Ein junger Mann hatte ebenfalls ungewöhnliche Ansichten mitzuteilen: Die Moderne sei nur in materieller Hinsicht besser als das Mittelalter und die Ketzerverbrennung sei zu ihrer Zeit richtig gewesen. Humanismus und Aufklärung seien der Grund für das Herausbilden von Ideologien, weshalb unsere Gesellschaft dem Untergang geweiht sei. Die Söder-Karikatur kritisierte er, denn die Bibel sollte seiner Meinung nach über dem Gesetz stehen, denn Bayern sei ein katholisches Land. All dies begründete er mit verschiedenen philosophischen Schulen. In München, wie auch in den anderen Städten, gab es aber immer wieder auch Menschen, die noch nie von der säkularen Szene gehört hatten oder die sie gerne näher kennenlernen wollten. In Würzburg kündigte ein Interessent für das kommende Jahr eine Heidenspaßparty an Karfreitag an.

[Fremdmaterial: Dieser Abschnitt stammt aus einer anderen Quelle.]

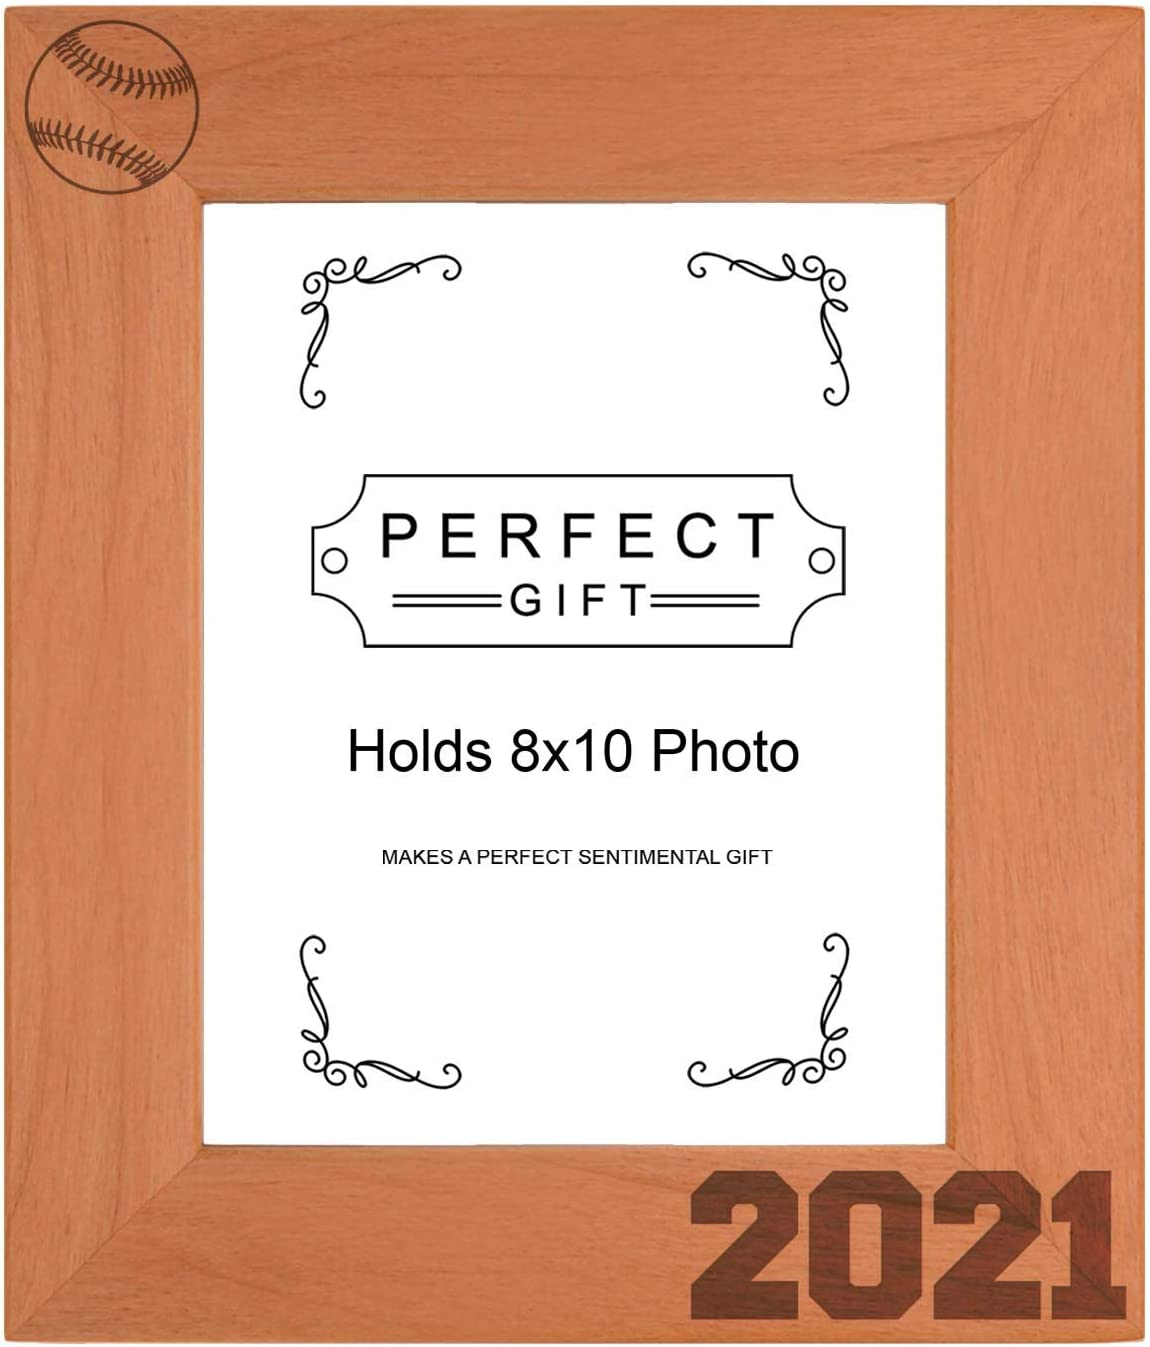 Sentimental Photo Frame Baseball 2021 Max Latest item 52% OFF Wood 8x10 Portrai Engraved
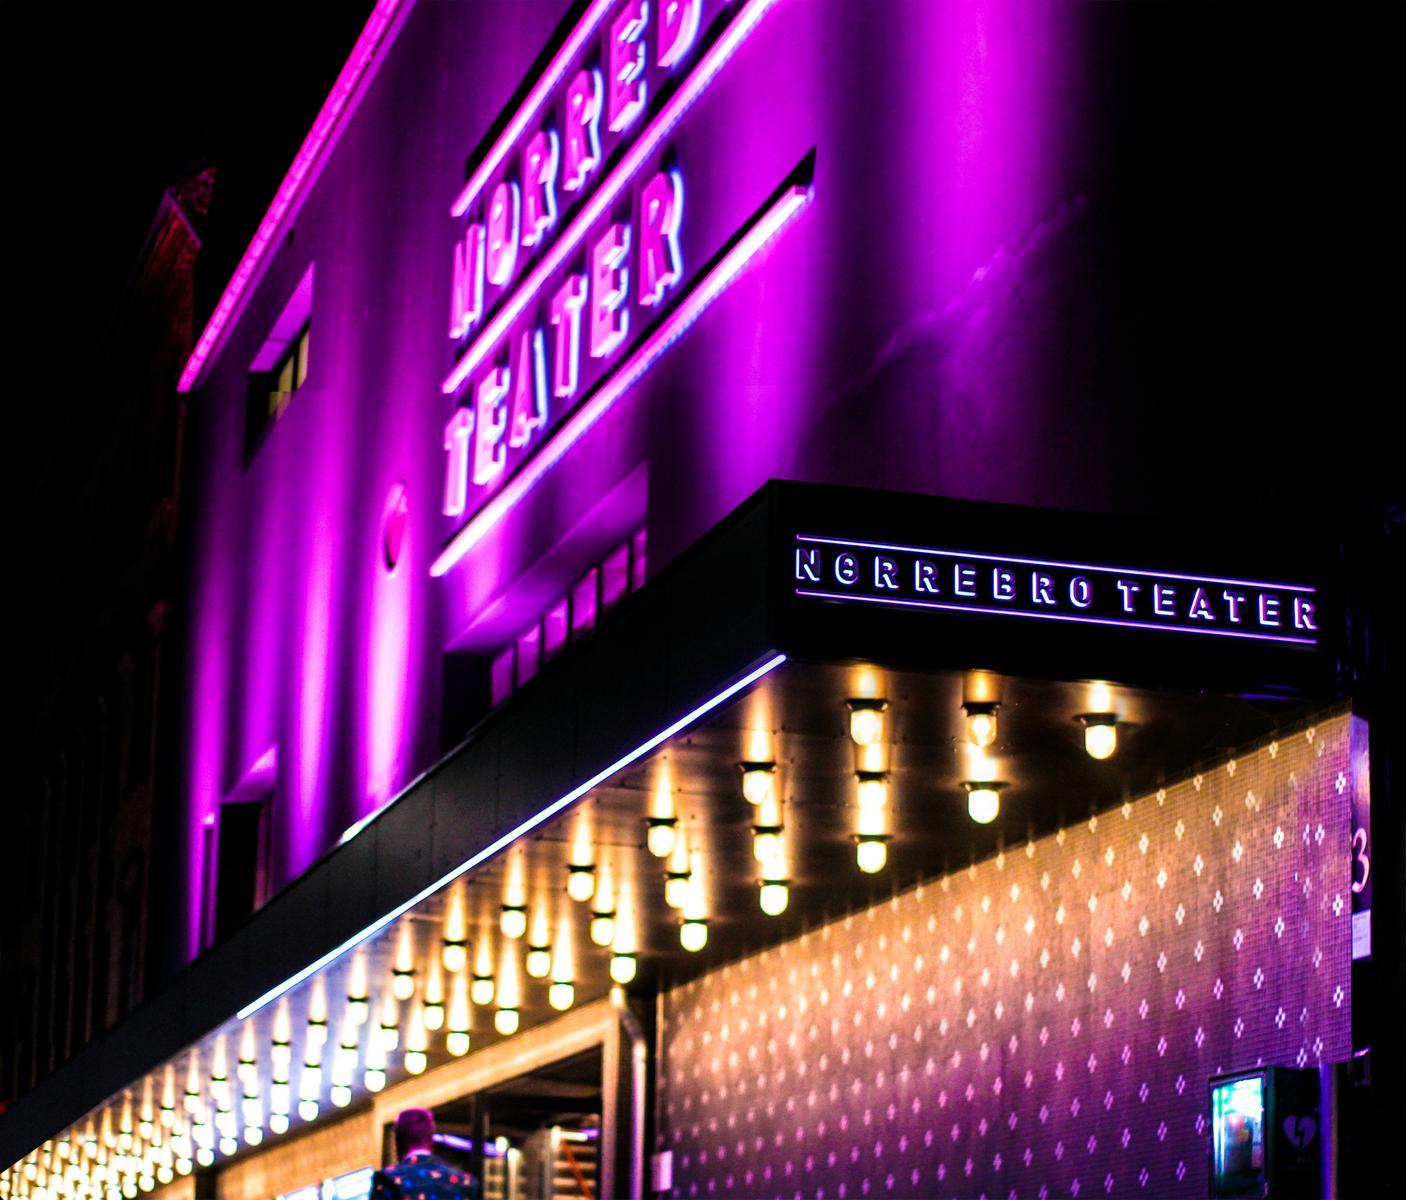 Spotlight: Nørrebro Teater

Vielleicht hat "der Söderling" seinen Beitrag zur Schwächung der CSU leisten können, die aus säkularer Perspektive natürlich positiv zu bewerten ist. Aber leider befürworten auch die Freien Wähler, wahrscheinlicher Koalitionspartner in der künftigen bayerischen Landesregierung, das "gut sichtbare" Aufhängen von Kreuzen im Eingangsbereich staatlicher Behörden. Genauso wie eine Beibehaltung des Tanzverbots an stillen Feiertagen und die Zahlung von Bischofsgehältern aus Steuermitteln. SPD und Grüne lehnen Kreuz-Zwang und Tanzverbot ab, dafür befürworten beide das flächendeckende Angebot von islamischem Religionsunterricht, die SPD spricht sich zudem für die weitere Bezahlung von Bischöfen durch den Staat aus. Die FDP gibt sich durchweg säkular. Die AfD positioniert sich erwartbar für Kreuze in Behörden und gegen islamischen Religionsunterricht, aber gegen die Zahlung der Bischofsgehälter und das Tanzverbot. Die Partei der Humanisten konnte man übrigens nur in Oberbayern wählen, für einen Einzug ins Parlament reichte das natürlich nicht. Die Linkspartei scheiterte ebenfalls am Sprung über die Fünf-Prozent-Hürde. Säkulare Positionen werden also auch in der kommenden Legislaturperiode im Maximilianeum und vor allem in der Regierung nur unzureichend vertreten sein.